I listened to the above speech, which was scheduled for two hours starting 1.30 pm San Jose, California time. The problem is I am currently in Ahmedabad, India which is 12 hours ahead. The speech was amazing and very much worth staying up for. It was at Nvidia's annual developers’ conference, and a lot of the stuff was pretty technical and way above my understanding.
The main item was the introduction of the new highly anticipated Blackwell GPU. It is the successor to the very popular H100 and H200 GPUs which are part of the Hopper Series.

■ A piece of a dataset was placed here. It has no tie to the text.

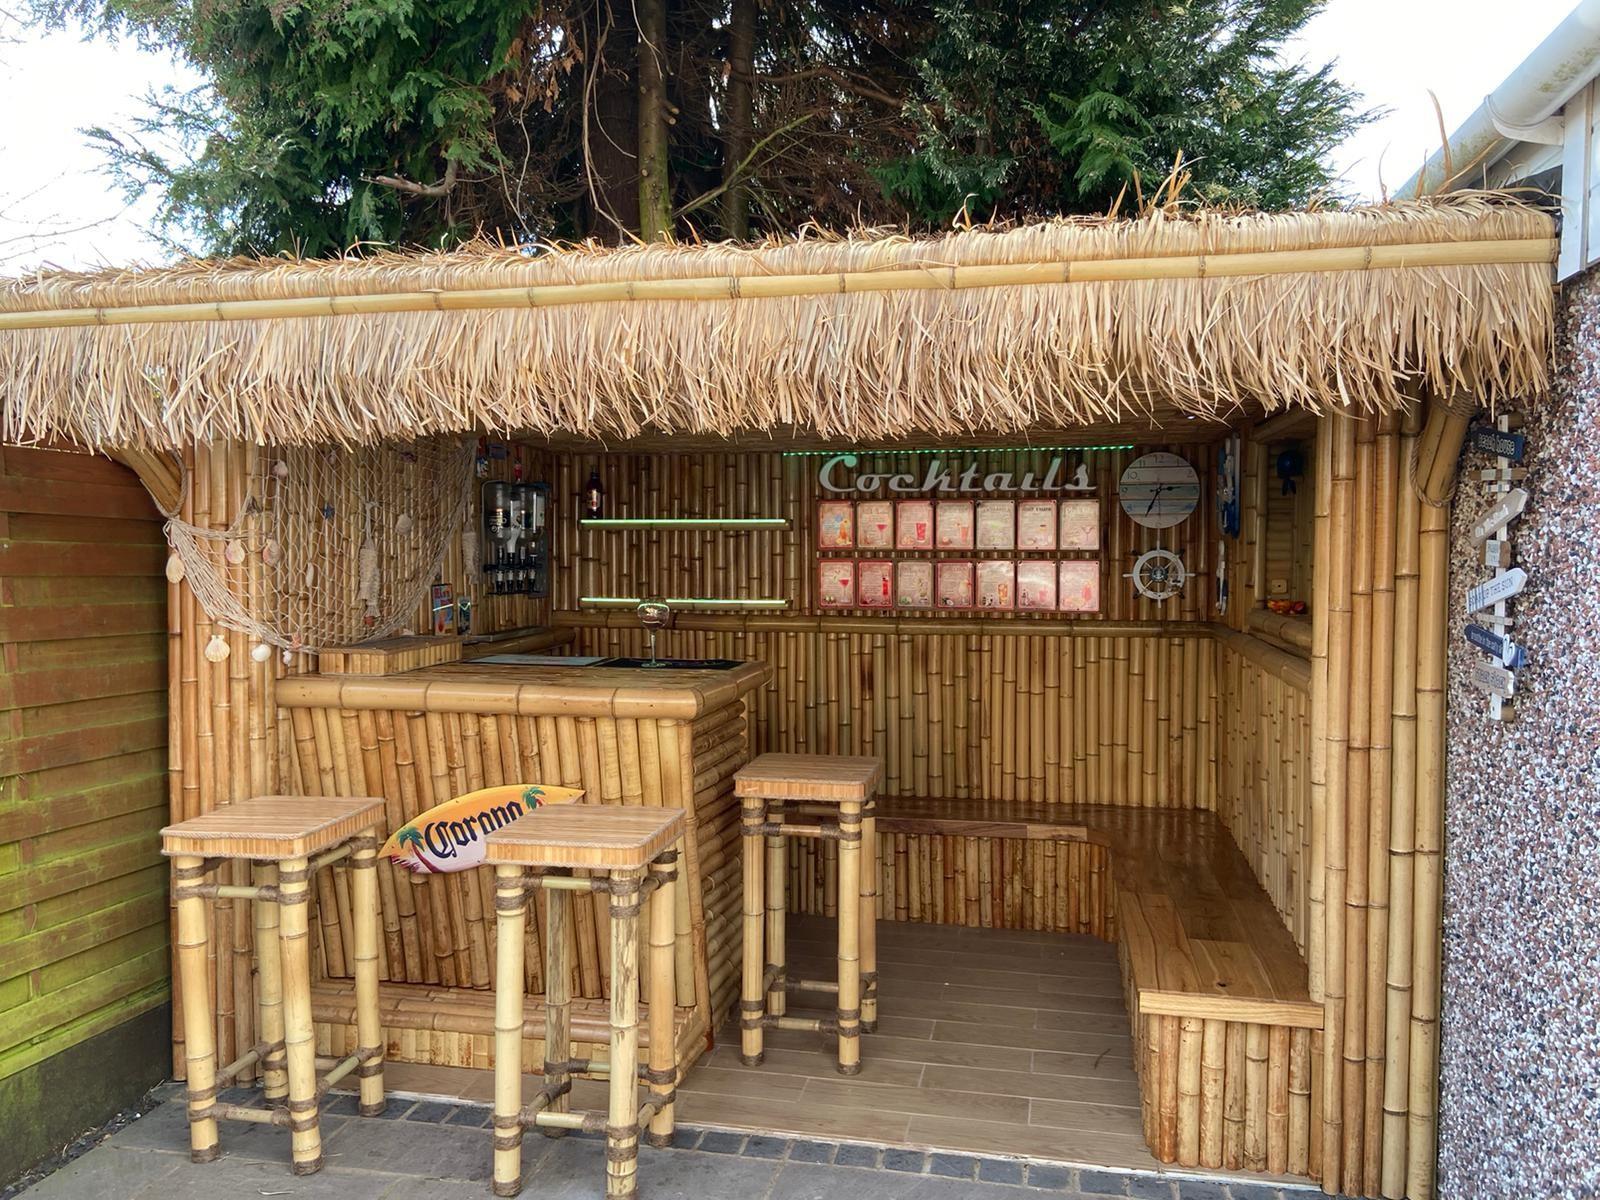 UK Bamboo supplies - Bamboo News & Inspiration

These have driven the huge sales surge that NVDA has seen in the last two years. The quarterly sales rate in 2024 is almost the same as their annual sales in 2022, mainly due to demand from cloud hyperscalers, building out vast datacentres.

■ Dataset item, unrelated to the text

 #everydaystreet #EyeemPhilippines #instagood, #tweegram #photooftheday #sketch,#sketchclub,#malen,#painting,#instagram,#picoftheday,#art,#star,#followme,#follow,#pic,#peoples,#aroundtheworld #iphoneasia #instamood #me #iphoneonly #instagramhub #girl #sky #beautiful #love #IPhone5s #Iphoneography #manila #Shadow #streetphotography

“Generative AI is the defining technology of our time. Blackwell GPUs are the engine to power this new industrial revolution. Working with the most dynamic companies in the world, we will realize the promise of AI for every industry.”
Blackwell GPU
The Blackwell GPU will be available as a standalone GPU, or two Blackwell GPUs can be combined and paired with Nvidia’s Grace CPU to create the GB200 Superchip. The Blackwell has 208bn transistors.
“Blackwell is not a Chip; it is a platform.”
Blackwell offers up to a 30x performance increase, compared with the H100 GPU for LLM inference workloads while, most importantly, using up to 25x less energy.
Many of Nvidia’s biggest customers are currently developing their own AI chips, partly because the Hopper series’s power consumption was too high.
The hyperscalers will be the first companies to start offering access to Blackwell chips through their cloud platforms. The companies mentioned as working very closely with NVDA included Amazon, Microsoft, Google, Oracle, Ansys, Cadence, Synopsys and Snowflake.
“People think we make GPUs, …we do but they do not look like GPUs.”
Blackwell is completely compatible with Hopper, so people just replace one with the other in their servers and nothing else needs to be done.
Jensen also announced the DGX SuperPOD supercomputer system. This made up of eight or more GB200 systems. It has 36 Grace Blackwell 200 Superchips paired to run as a single computer. Nvidia says customers can scale up the SuperPOD to support tens of thousands of GB200 Superchips depending on their needs.
The DGX SuperPOD
The DGX SuperPOD features liquid-cooled rack-scale architecture, which means the system is cooled off using fluid circulating through a series of pipes and radiators rather than fan-based air cooling, which can be less efficient and more energy intensive. Huang mentioned 2 litres a second will flow through the system. Water flows in at room temperature and flows out at the temperature of sauna water.
The Blackwell GPU and GB200 Superchip will be Nvidia’s flagship products for AI training and inferencing and are likely to see huge demand as soon as the order book opens.
“The rate at which we are advancing computing is insane, but it is still not enough, so we invented another chip.”
This is the NVLink, which itself has 50bn transistors, the same as the H100. Four of the NVLinks packaged together in one chip, will allow every GPU to talk to every other GPU in the datacentre at full speed.
The call it the DGX and it is an exaflop computer system in a rack.
Definition: An exaflop is a measure of performance for a supercomputer that can calculate at least 1018 or one quintillion floating-point operations per second. Floating point refers to calculations made where all the numbers are expressed with decimal points.
This computer will become the most powerful for AI LLM training and inferencing.
They also announced a service called NIM. This is a software that contains a large number of pre-trained models with the appropriate CUDA software. Everybody will be able to download it from Nvidia and run it on to their data to create their own LLMs. In this way, they believe Nvidia will come the dominant AI Foundry, in the same way as TSMC is the dominant advanced chip foundry.
They also talked about a simulation engine which would run on a new computer called the OVX and which will operate in something called the Omniverse. I think this is a side reference to the Metaverse pioneered by Mark Zuckerburg.
This will allow companies to create digital twins of factories or warehouses they wish to build, before they build them. These can be simulated in working form to test the full design virtually. A lot of lessons can be learned to improve the design before the physical building begins. The Apple Vision-Pro can be linked to this so the user can “walk through” their virtual factory or warehouse.
They also talked about Project Groot which is a general-purpose software model for training robots. Huang was joined on stage with some impressive robots.
Conclusion
This was a long technical talk from Nvidia showcasing their new technology. We only understood a small fraction of it. People say it is only a question of time before Intel and AMD develop new chips to more effectively challenge Nvidia’s GPUs. That may be the case. However, this talk showed that Nvidia is not standing still and is developing more cutting-edge technology at an astonishing pace.